*** THE DATA ***

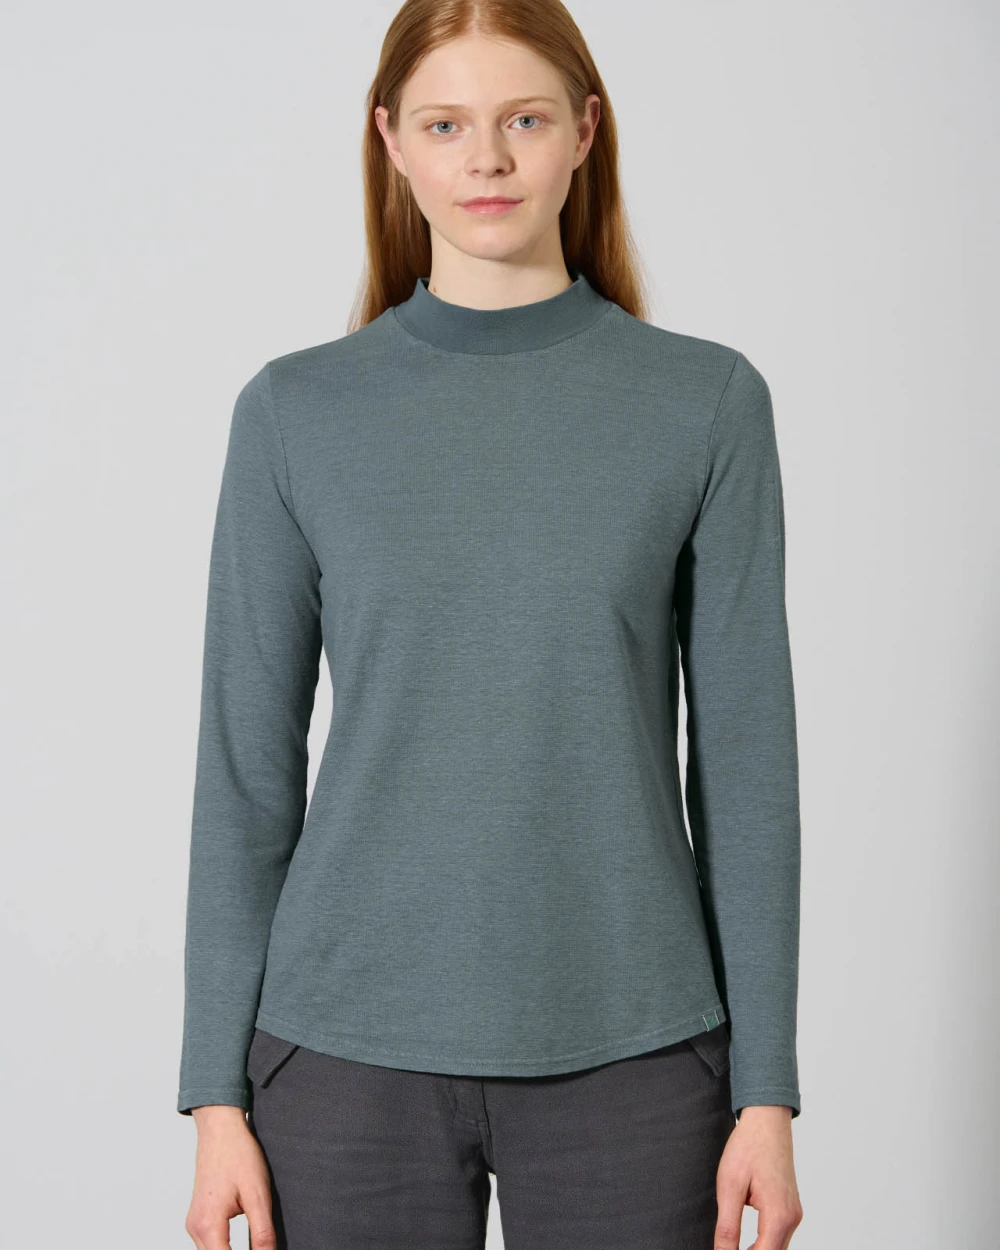 Turtleneck shirt for women in hemp and organic cotton
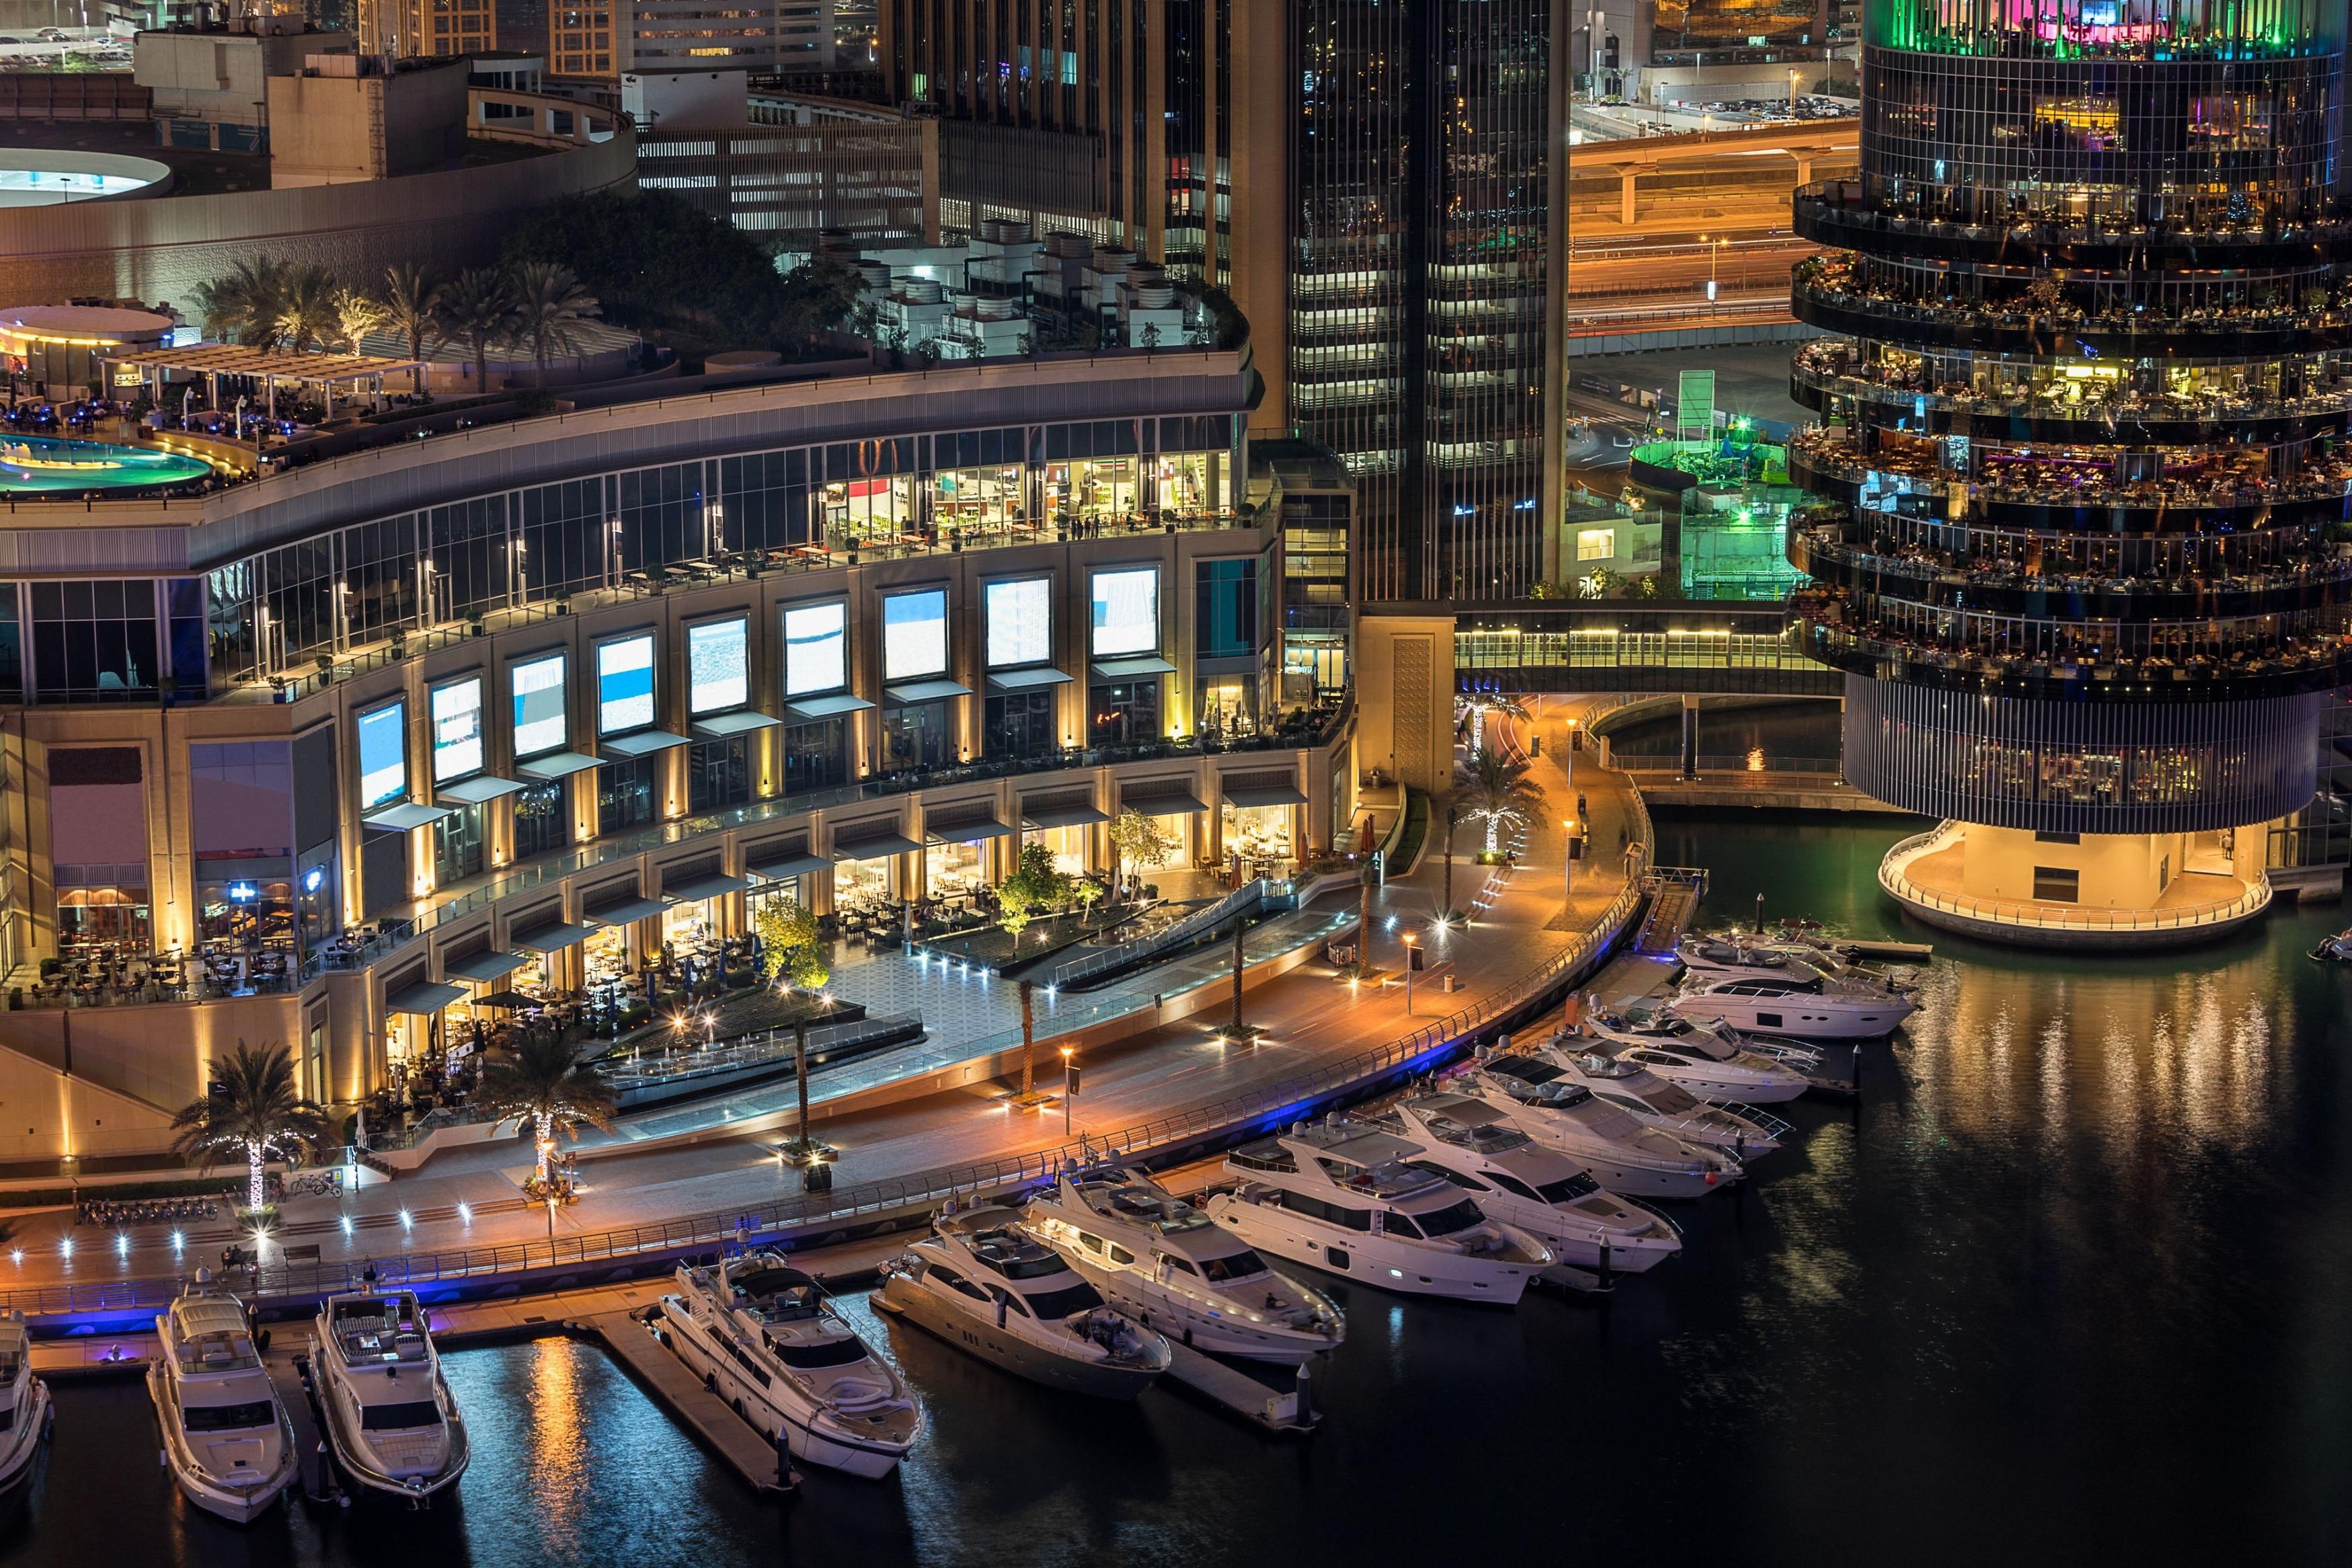 Explore 140 stores and 21 dining options at Dubai Marina mall
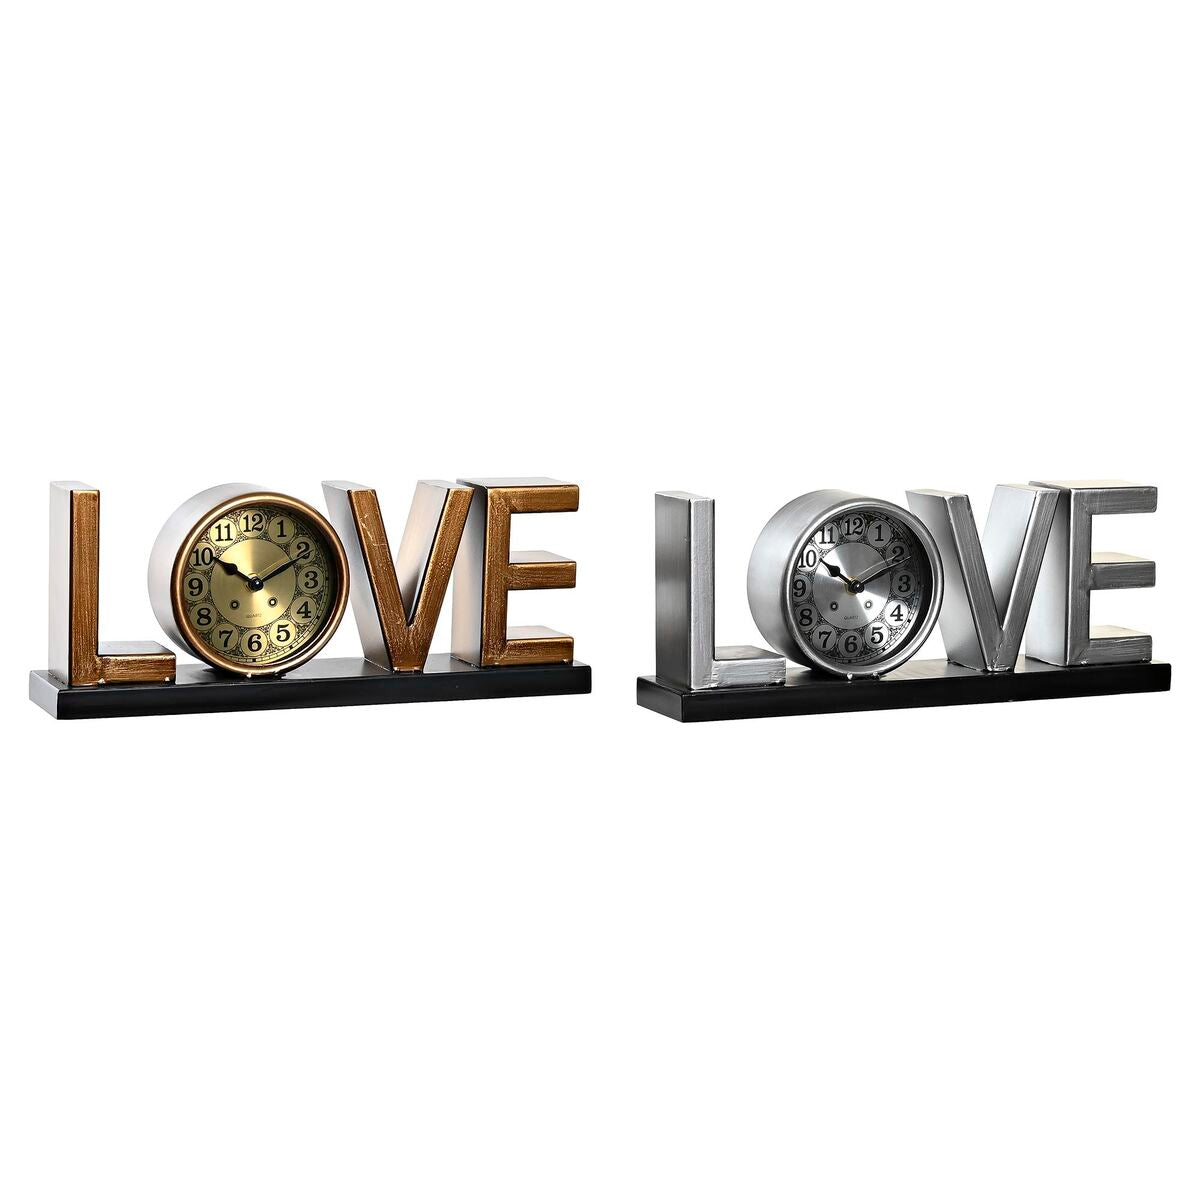 Reloj de Mesa LOVE Home Decor Cobre y Plata (39 x 8 x 15 cm) (2 Uds)
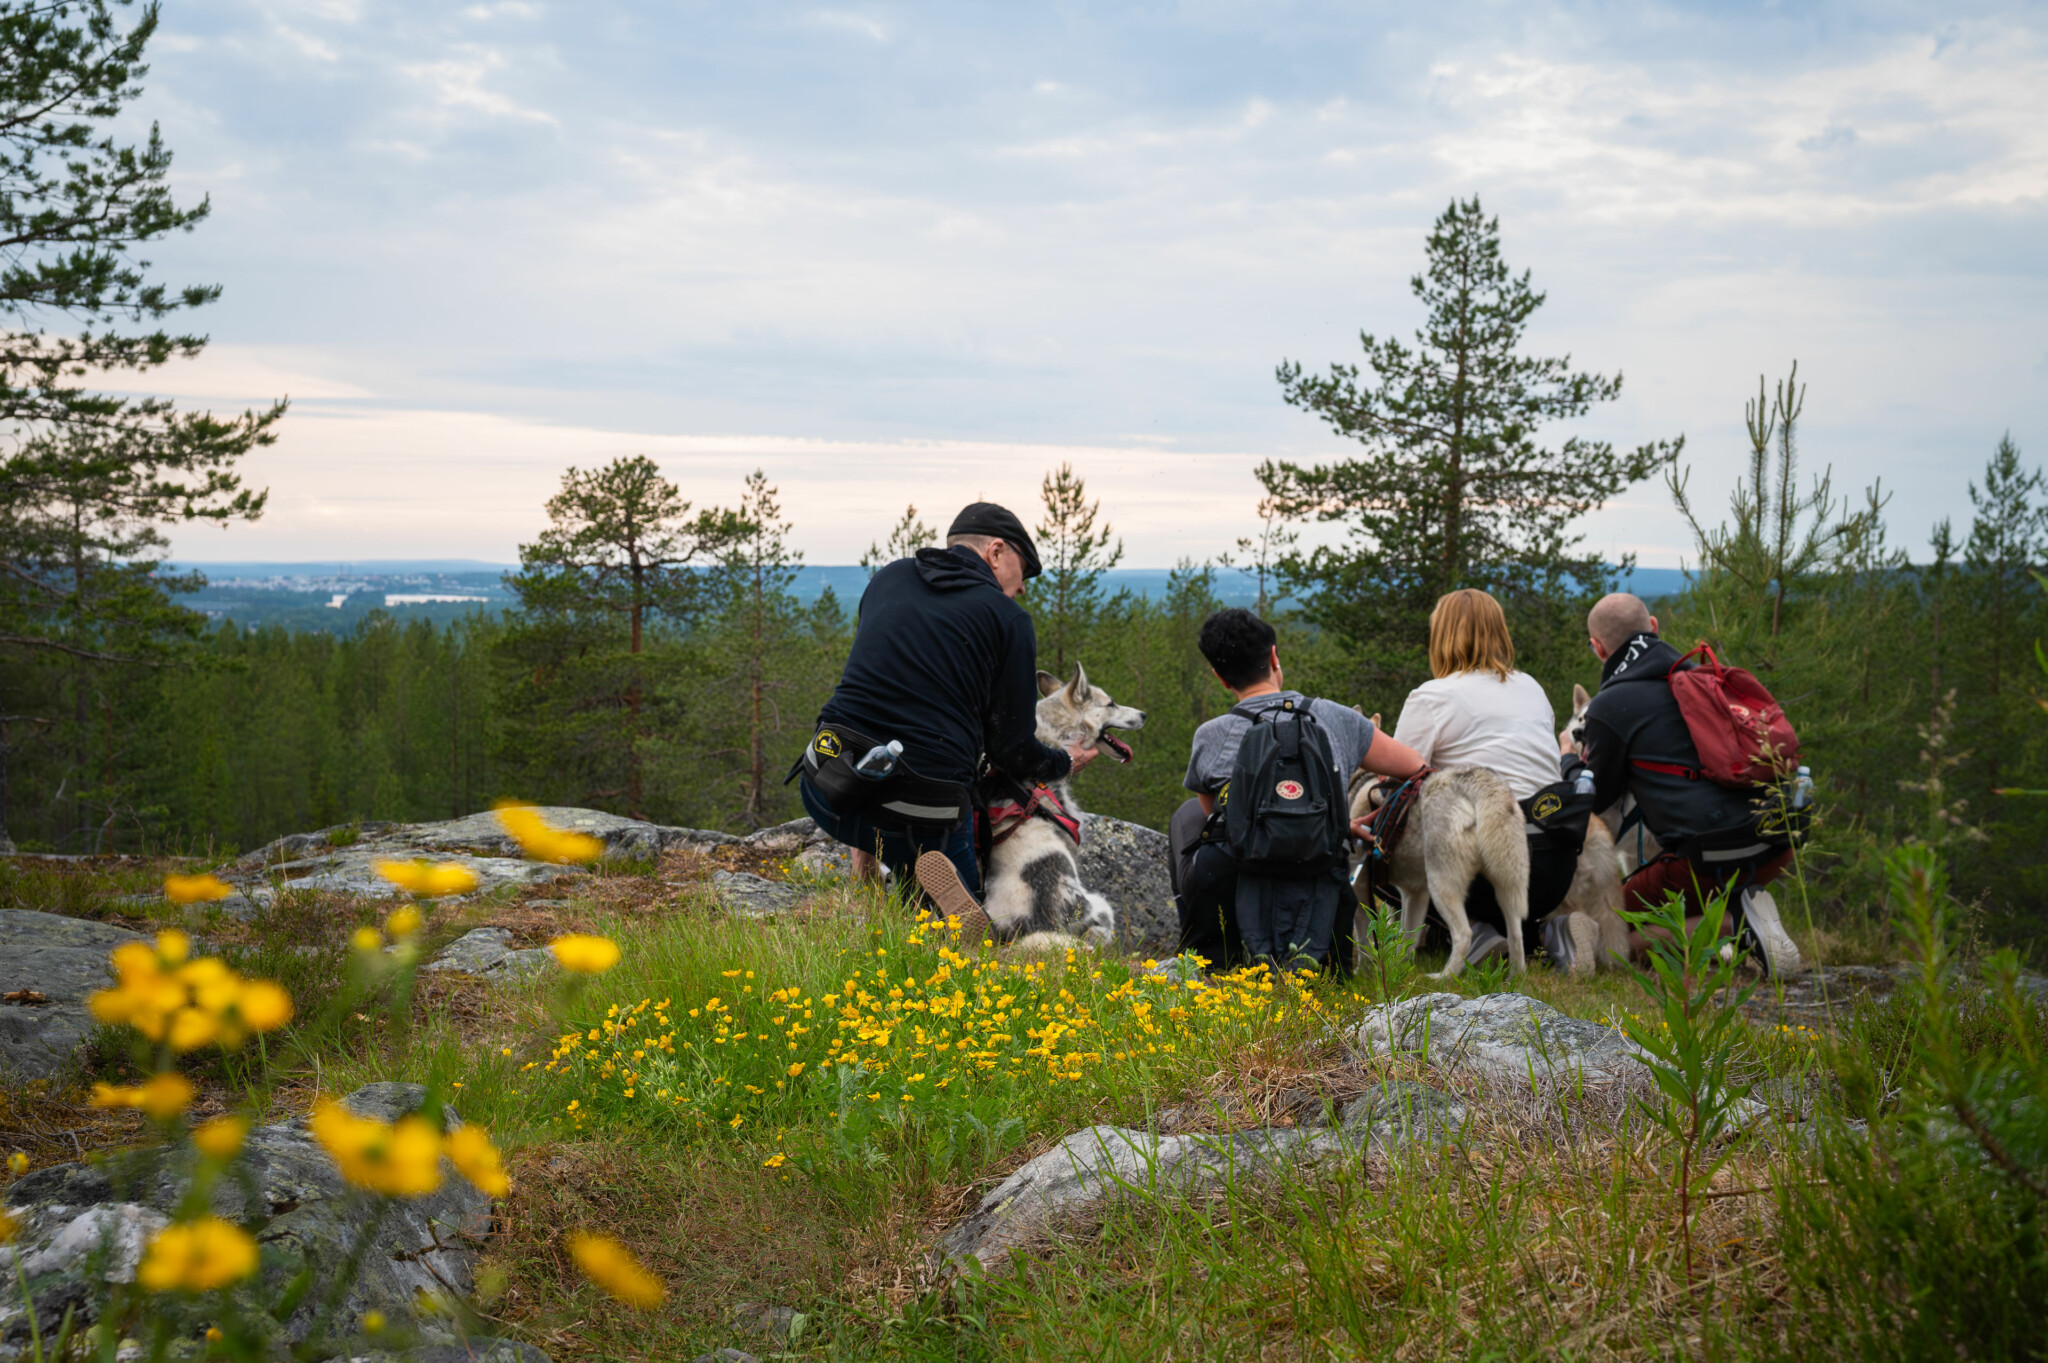 Midnight Sun Tours in 24 Hour Light - Visit Rovaniemi

*** End of THE DATA ***

Output the material above exactly as written and drop any images it holds.

# TASK ANSWER
 Turtleneck shirt for women in hemp and organic cotton
 Explore 140 stores and 21 dining options at Dubai Marina mall
 Reloj de Mesa LOVE Home Decor Cobre y Plata (39 x 8 x 15 cm) (2 Uds)
 Midnight Sun Tours in 24 Hour Light - Visit Rovaniemi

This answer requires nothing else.